Advisers Grow Business Despite Market Conditions

Sixty percent of advisers agree the U.S. is already in a recession, but their clients are continuing to save for retirement, according to a survey released today by OppenheimerFunds, Inc.

A release from OppenheimerFunds said 40% of advisers believe that the stock market has bottomed out. A large percentage (91%) of advisers think the current market crisis is being felt globally, with 61% indicating it will get worse in the U.S. before it gets better. However, the majority (82%) think the current crisis is short-term and will last less than three months to one year.

“While recent fiscal and monetary action has helped to stabilize the financial system, we aren’t in the clear yet,” said Brian Levitt, economist. “It is one thing to prevent a financial crisis and another thing to reaccelerate the economy.”


Market Response


More than half of advisers (53%) say they believe the U.S. dollar will continue to deteriorate. Of those, 89% are advising clients to diversify by adding global exposure into their portfolios, the release said. Almost all (97%) of advisers have recommended to clients that current conditions could be a good buying opportunity in some areas on the market. While attractive investment opportunities might exist, investors need to be selective, Levitt said.

The data suggest that a downturn is expected from advisers: Three-fourths advisers expect to see a losing year every three to five years, and 23% expect to see one every six to 10 years.

About half (49%) of advisers indicated that no one is to blame for the ups and downs of the current market, but one-quarter of the advisers blame banks. Others blame corrupt executives (12%), President Bush and the government (7%), and the Federal Reserve (4%).


Client Activity


Despite the difficult market environment, advisers are not losing clients. Clients are still focusing on the long-term goal of retirement despite any woes in the short-term.

Of those surveyed, 44% reported adding 5 to 10 new clients to their book so far in 2008 and 25% added more than 10. The wealth of this new business is in retirement savings, the release said. Advisers said 93% of their current clients are still saving for retirement, and most of the clients (92%) value diversification.

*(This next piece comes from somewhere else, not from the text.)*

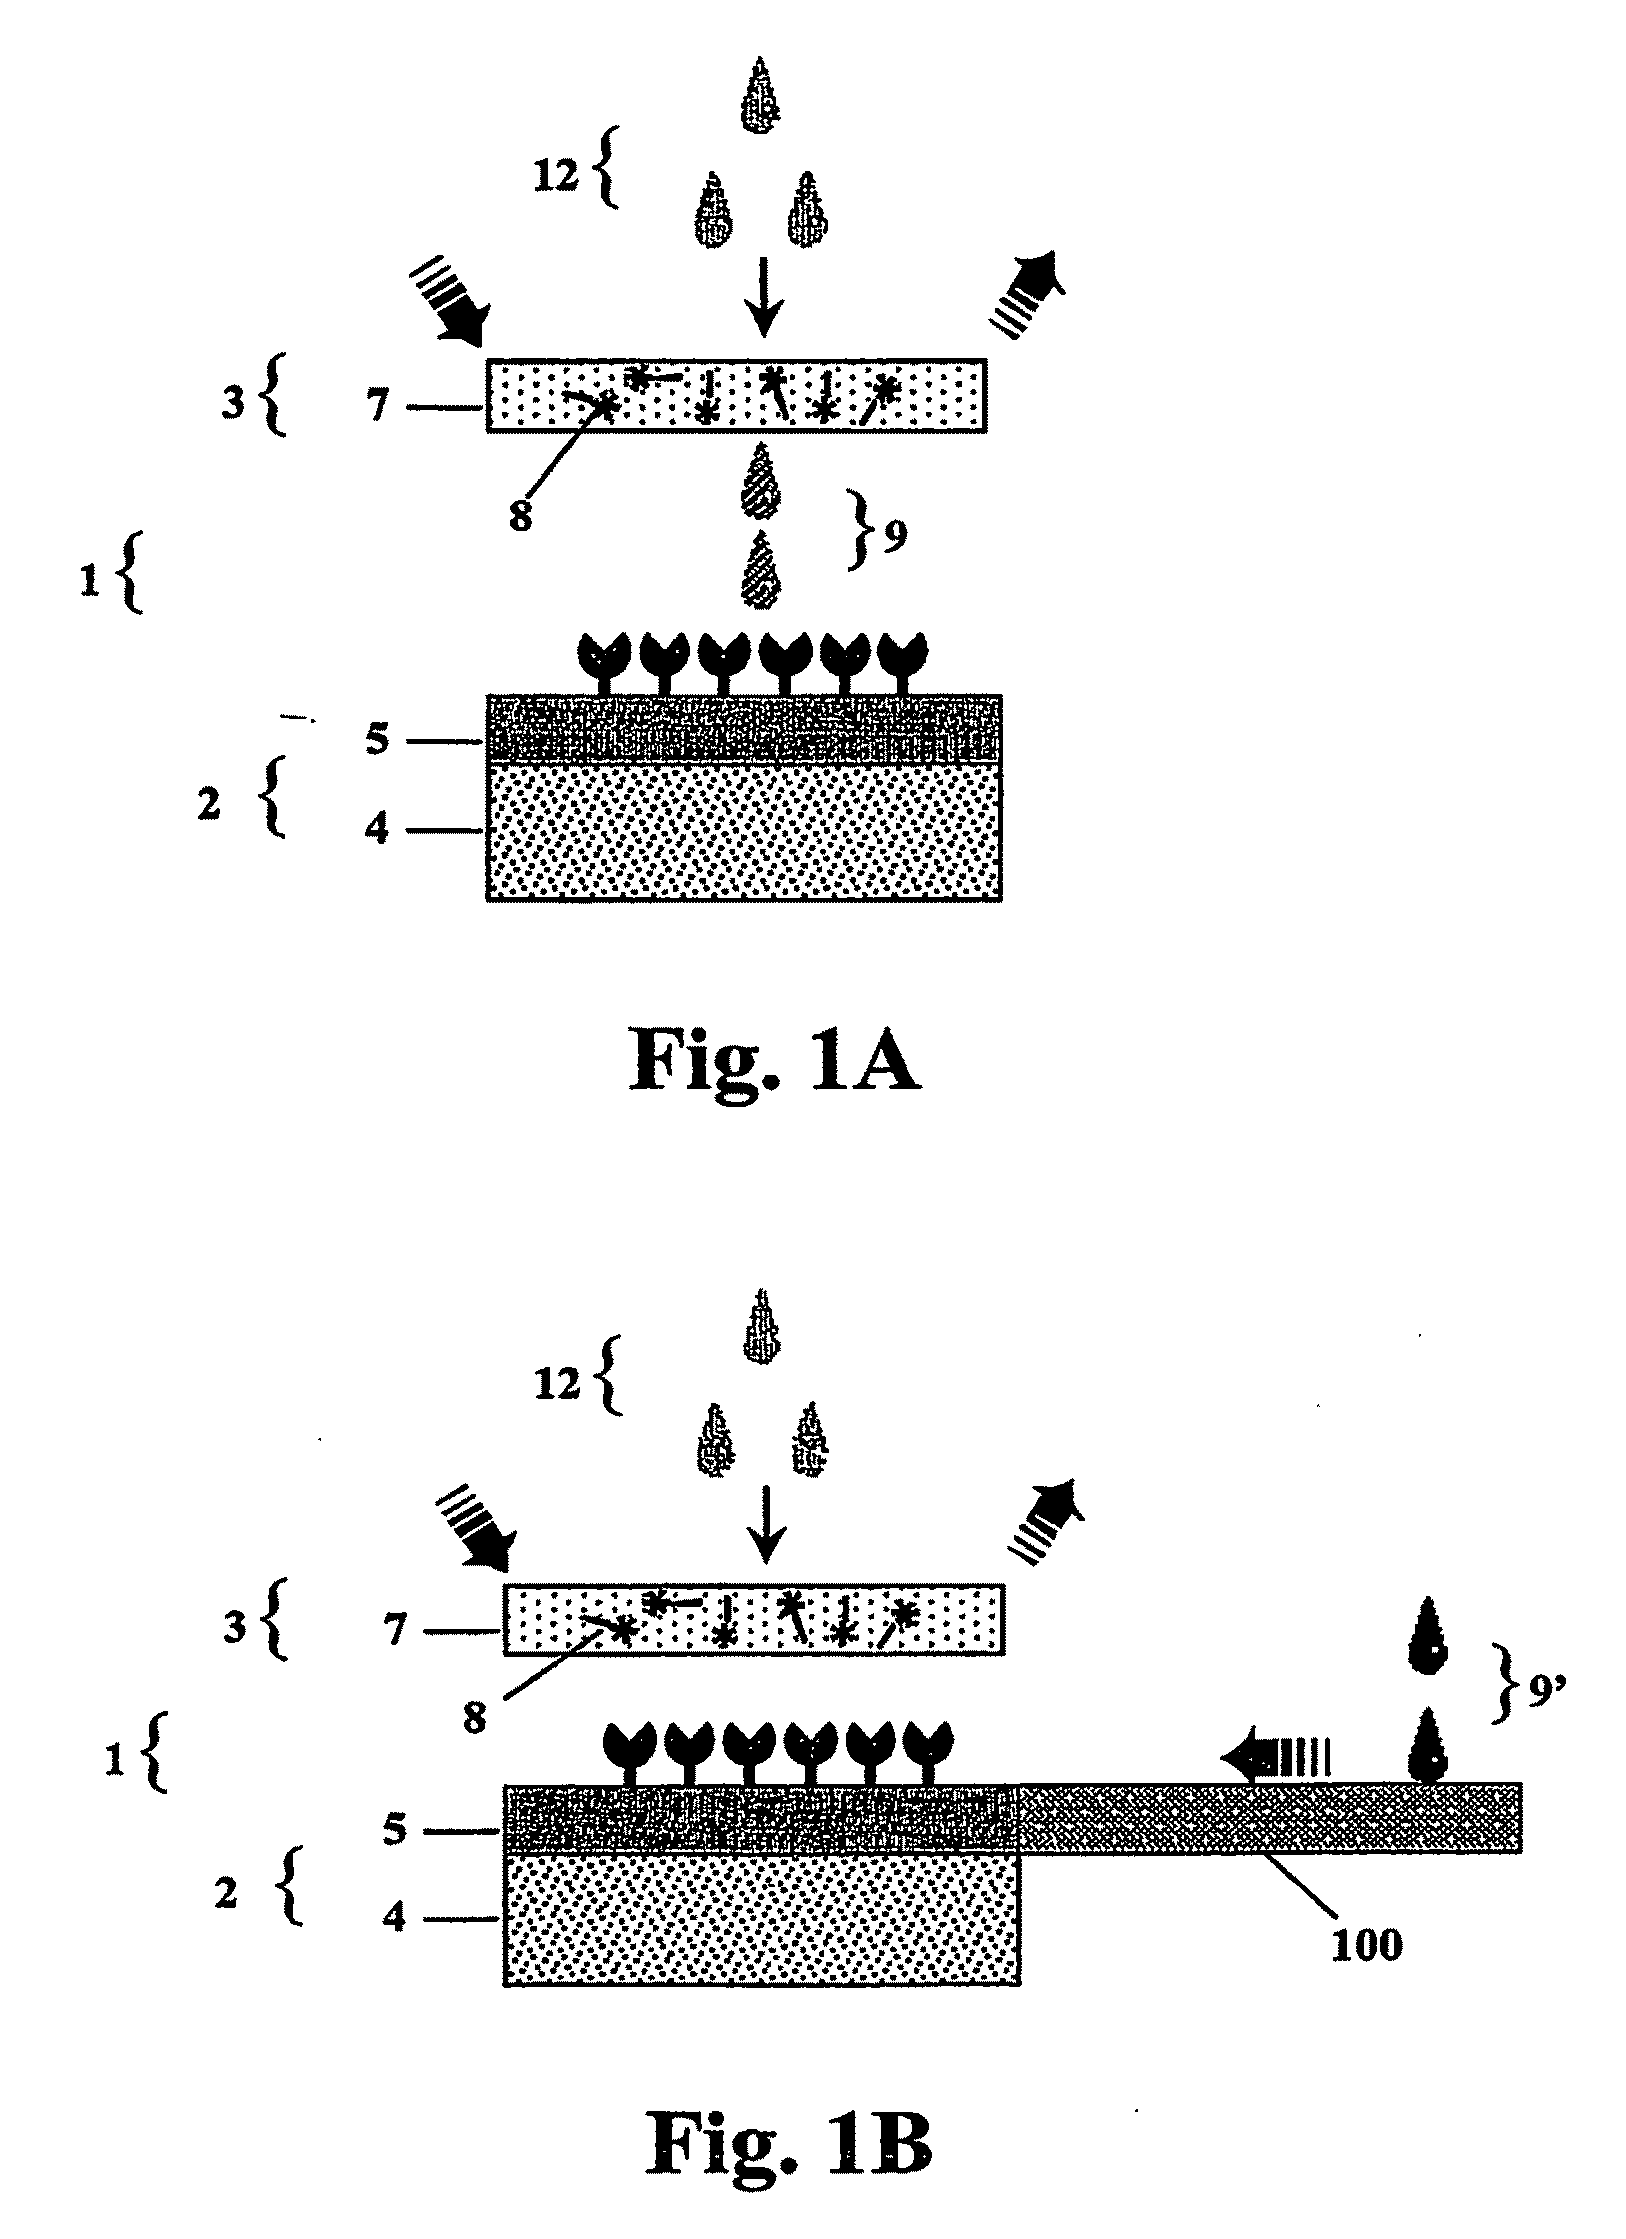 Rapid diagnostic device, assay and multifunctional buffer

In terms of what clients are doing with their money specifically, 71% of advisers report that 0 to 5% of clients are taking money out of mutual funds, OppenheimerFunds said. Of the money being taken out, 53% is in the form of exchanges and 47% are redemptions. Most exchanges (30%) were into U.S. equities, followed by money market funds (27%), global equities (20%), other U.S. fixed income (13%), international fixed income (8%), and, lastly, U.S. treasuries (3%).

Levitt said investors should consider opportunities in the large-cap growth sector, which are trading at reasonable valuations and have the ability to grow their business without concerns about credit availability.


What’s Next?


Looking ahead, advisers’ top concerns for the remainder of 2008 are: higher taxes (68%), inflation (67%), and the credit crunch (64%). Also, 49% believe that the election year is contributing to the current financial crisis.